At the core of this often vivid chronicle of China's political vicissitudes (1934-76) is a silly saga of two families whose professional and romantic fortunes rise and fall in the turbulence. Jakob Kellner, a missionary thoroughly wired with evangelical zeal, is captured by Red Army troops in southern Hunan. His wife Felicity is beheaded, but Kellner is forced along on what will become the Long March. Conditions are brutal, though Kellner can't help but notice the soldiers' great enthusiasm for their cause (in such marked contrast to their complete indifference to Christian doctrine). Meanwhile, Kellner's baby daughter risks starvation, but (fortunate coincidence!) beautiful Lu Mei-ling, aide to Chou En-lai, has just lost her own baby, and agrees to nurse Baby Abigail. She and Kellner also have a brief affair. Thousands of men die during the crossing of the Tatu river under enemy fire, the freezing hike over the Great Snow Mountain range, and the trek across the Great Grasslands of Szechuan that brings the Communist forces to safety in the northwest, where Kellner is released. He becomes a respected Sinologist: he visits Peking in 1957 and learns that he and Lu Mei-Ling have a son, Kao.
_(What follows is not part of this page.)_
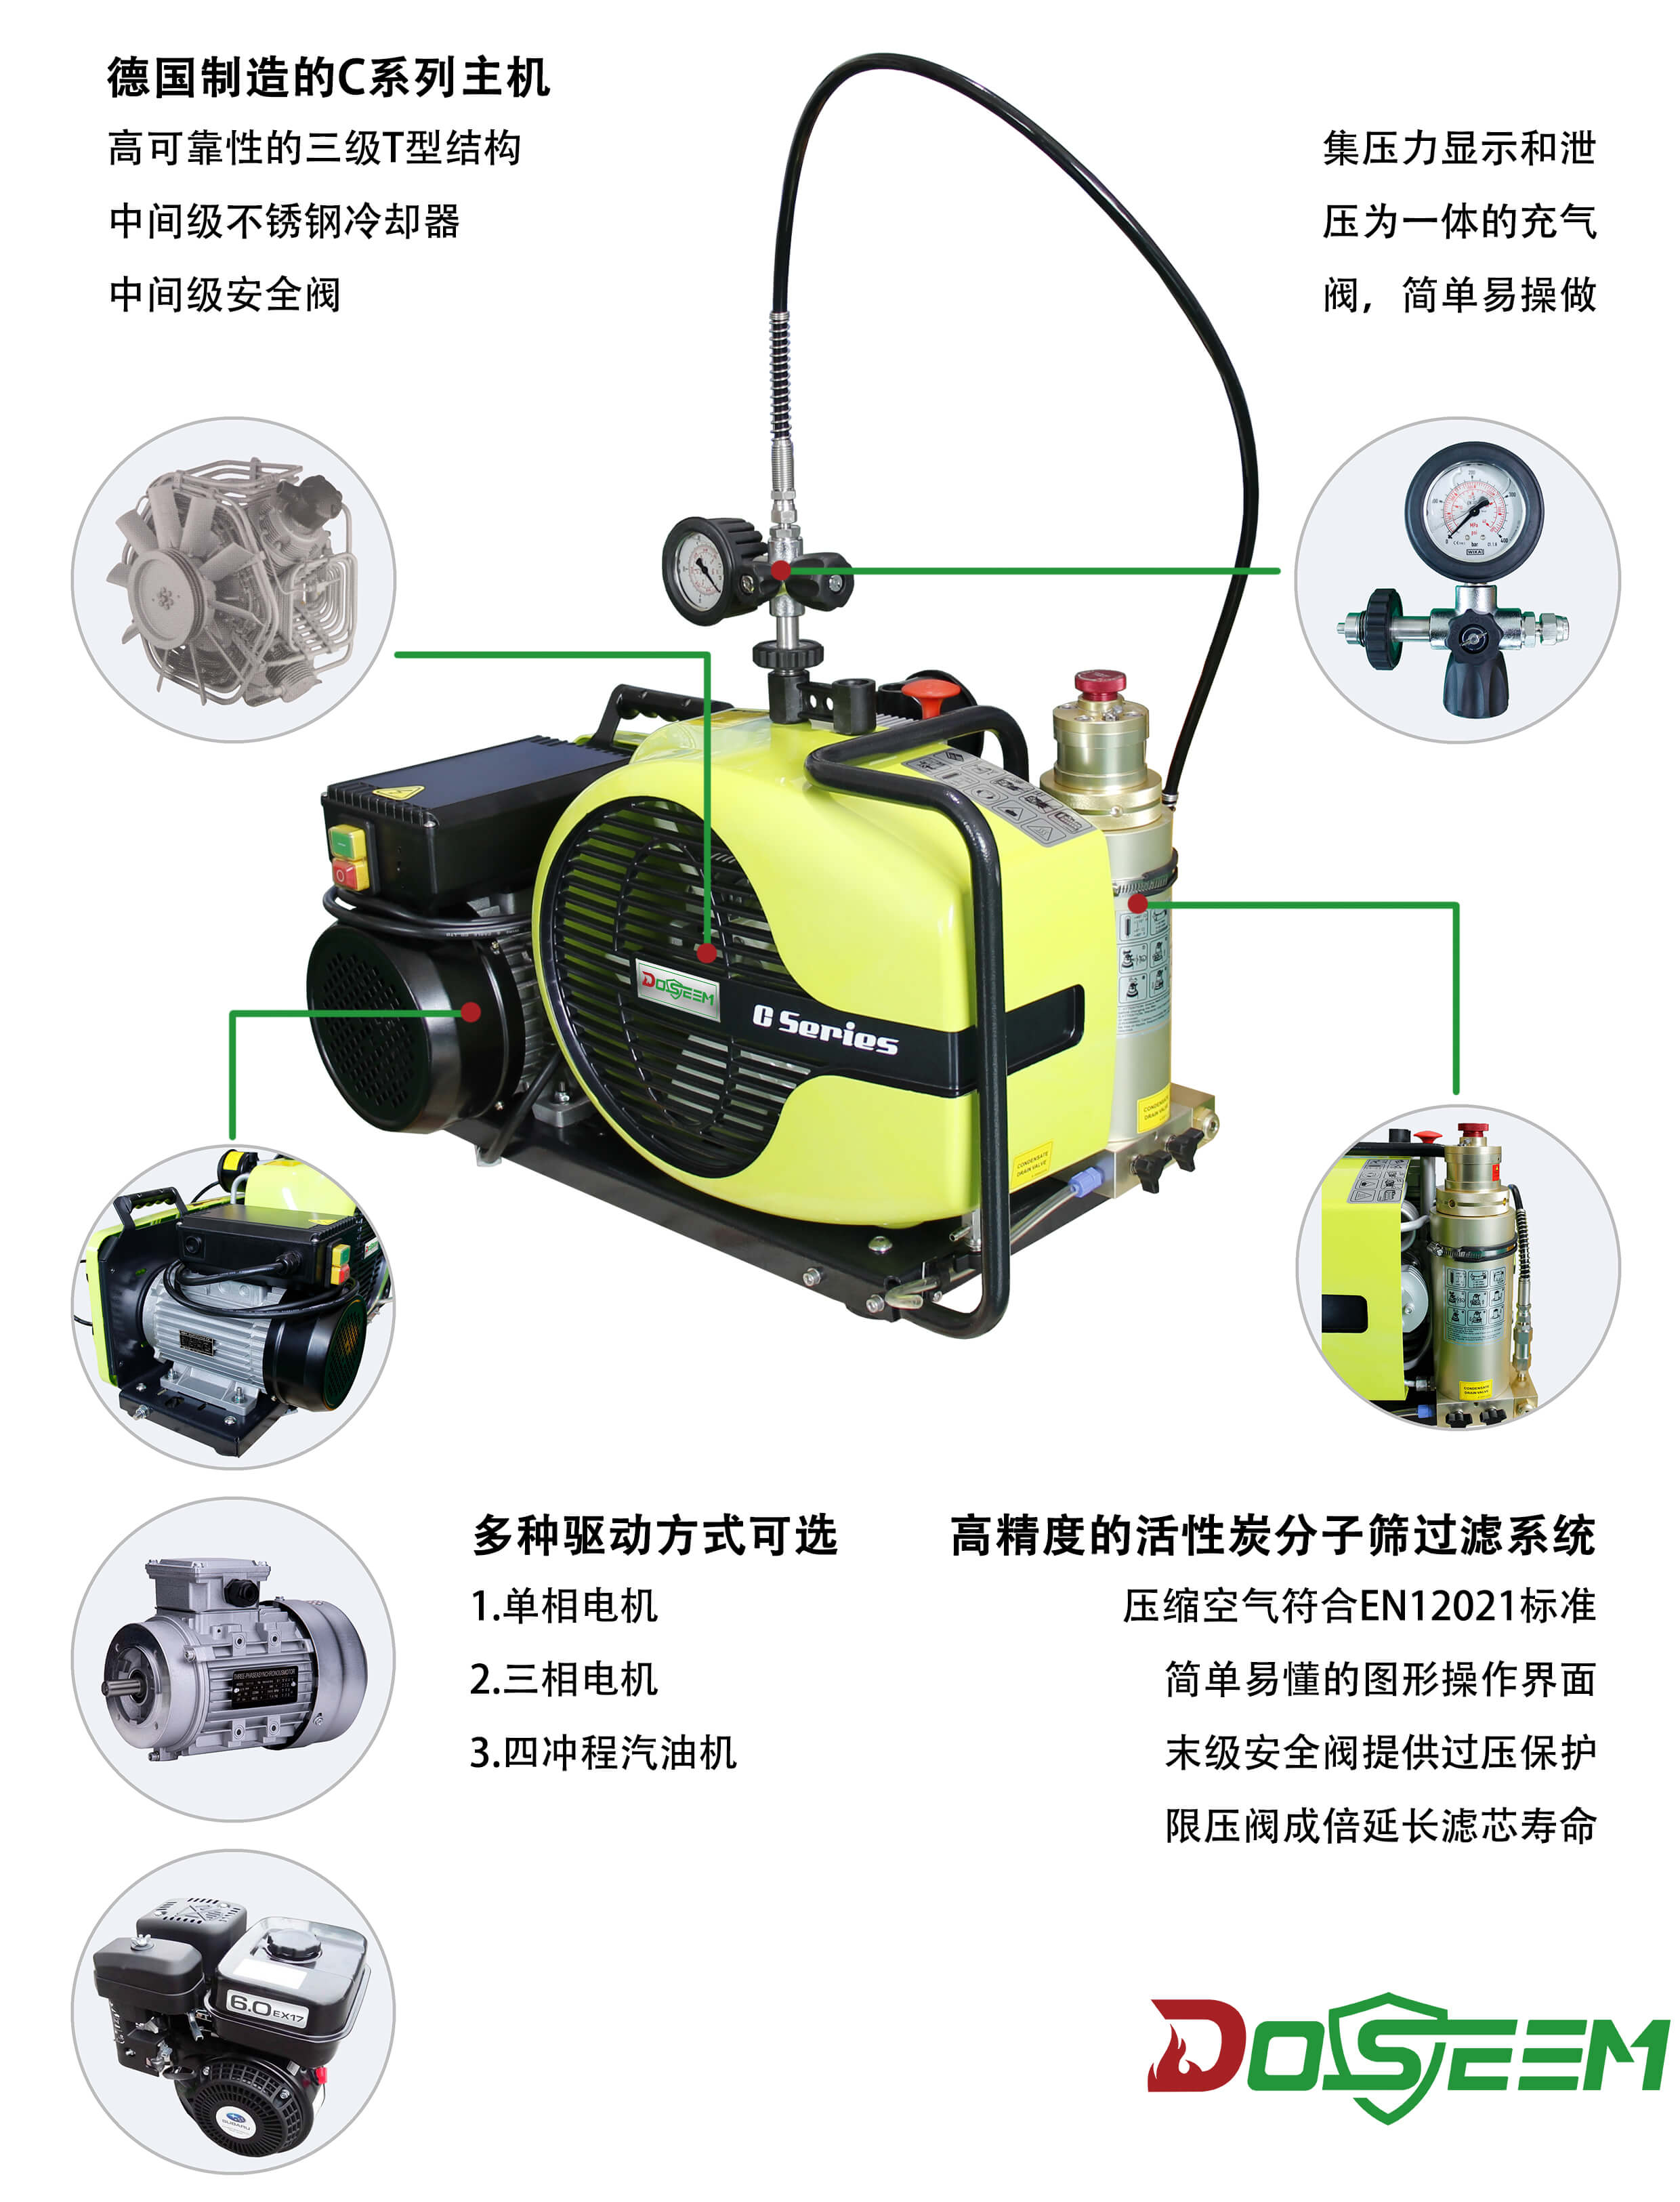 DS150系列便携式呼吸空气压缩机 1
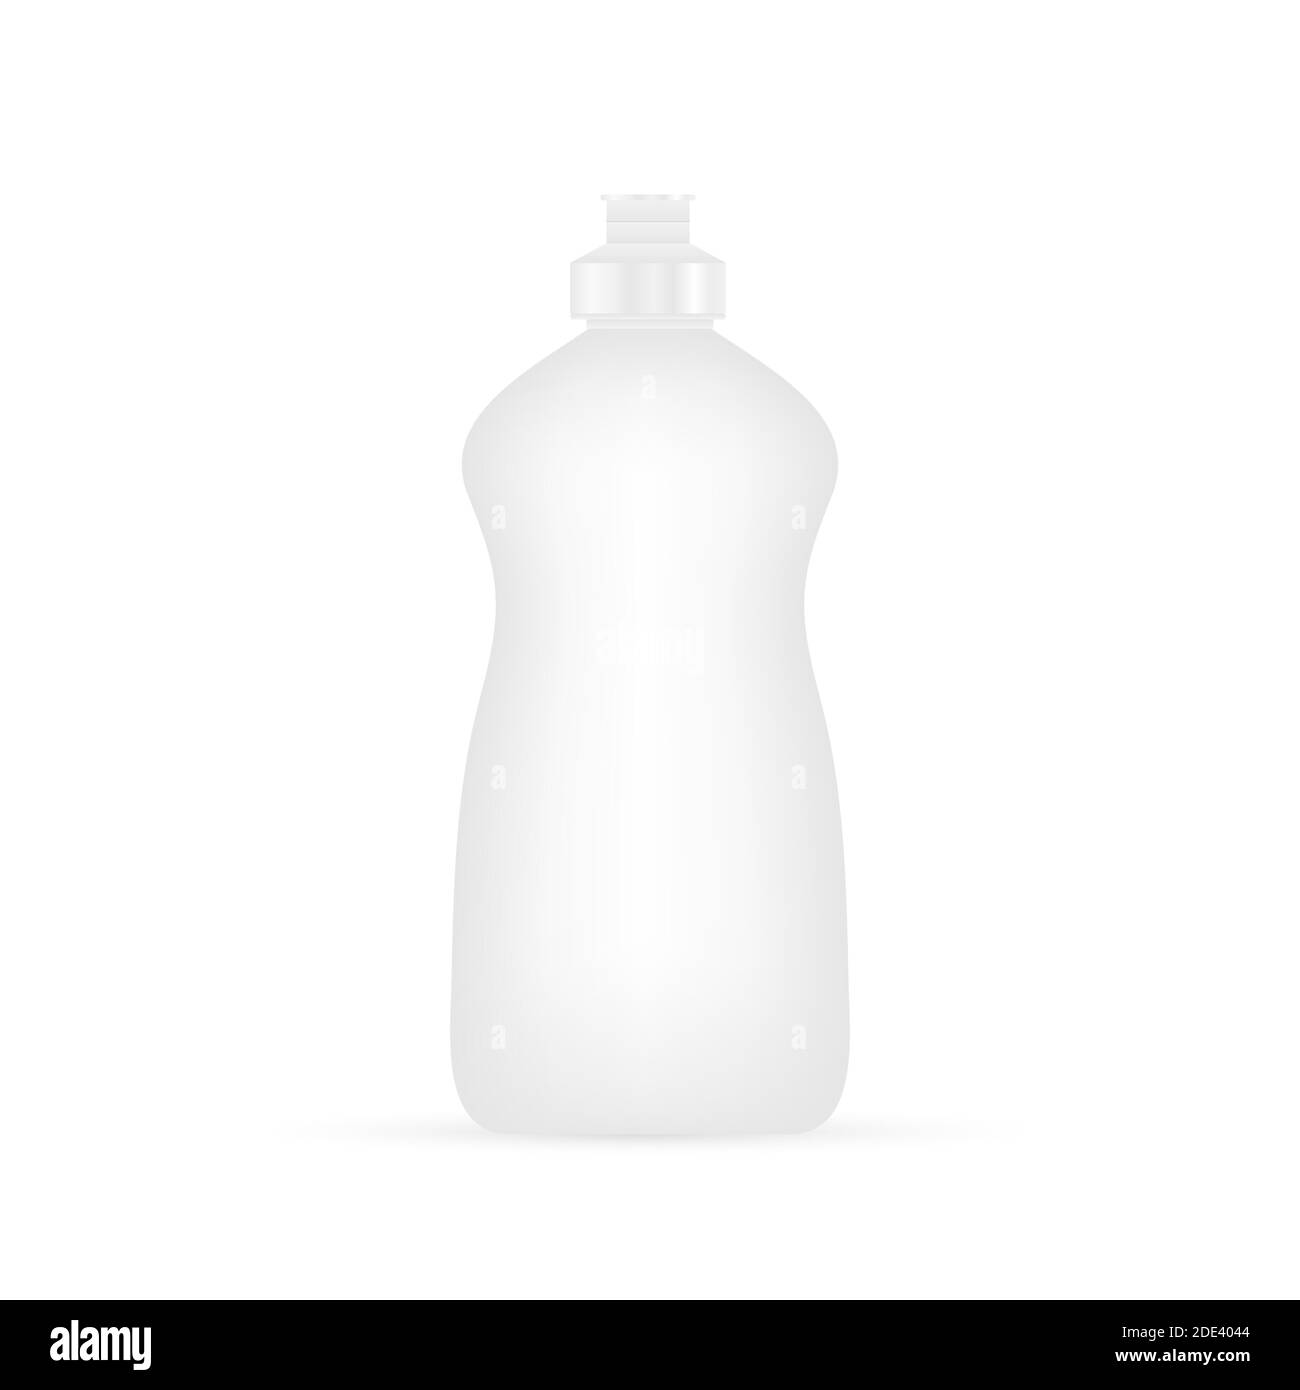 Dishwashing liquid. Cleaning Bottle Isolated On White Background. Vector stock illustration. Stock Vector

During the Cultural Revolution, the Long March heroes that Kellner knew suffer; his daughter, working in the Shanghai Language Institute, has a crush on a fervent political activist (unfortunate coincidence: he's her half-brother Kao). Next: the Peking earthquake, Mao's death, and the defeat of the Gang of Four (with whom Kao is closely involved). And Kellner and Abigail hang around, preoccupied with their own ghosts. Grey (Saigon, etc.) writes fluidly, and his action scenes--of Long March battles and physical hardships, of Cultural Revolution riots--are dramatic, even memorable. But the Kellner/Mei-ling/Kao soap opera is dragged out and larded with coincidence. With few real or compelling relationships, this offers, mainly, rich historical scenery.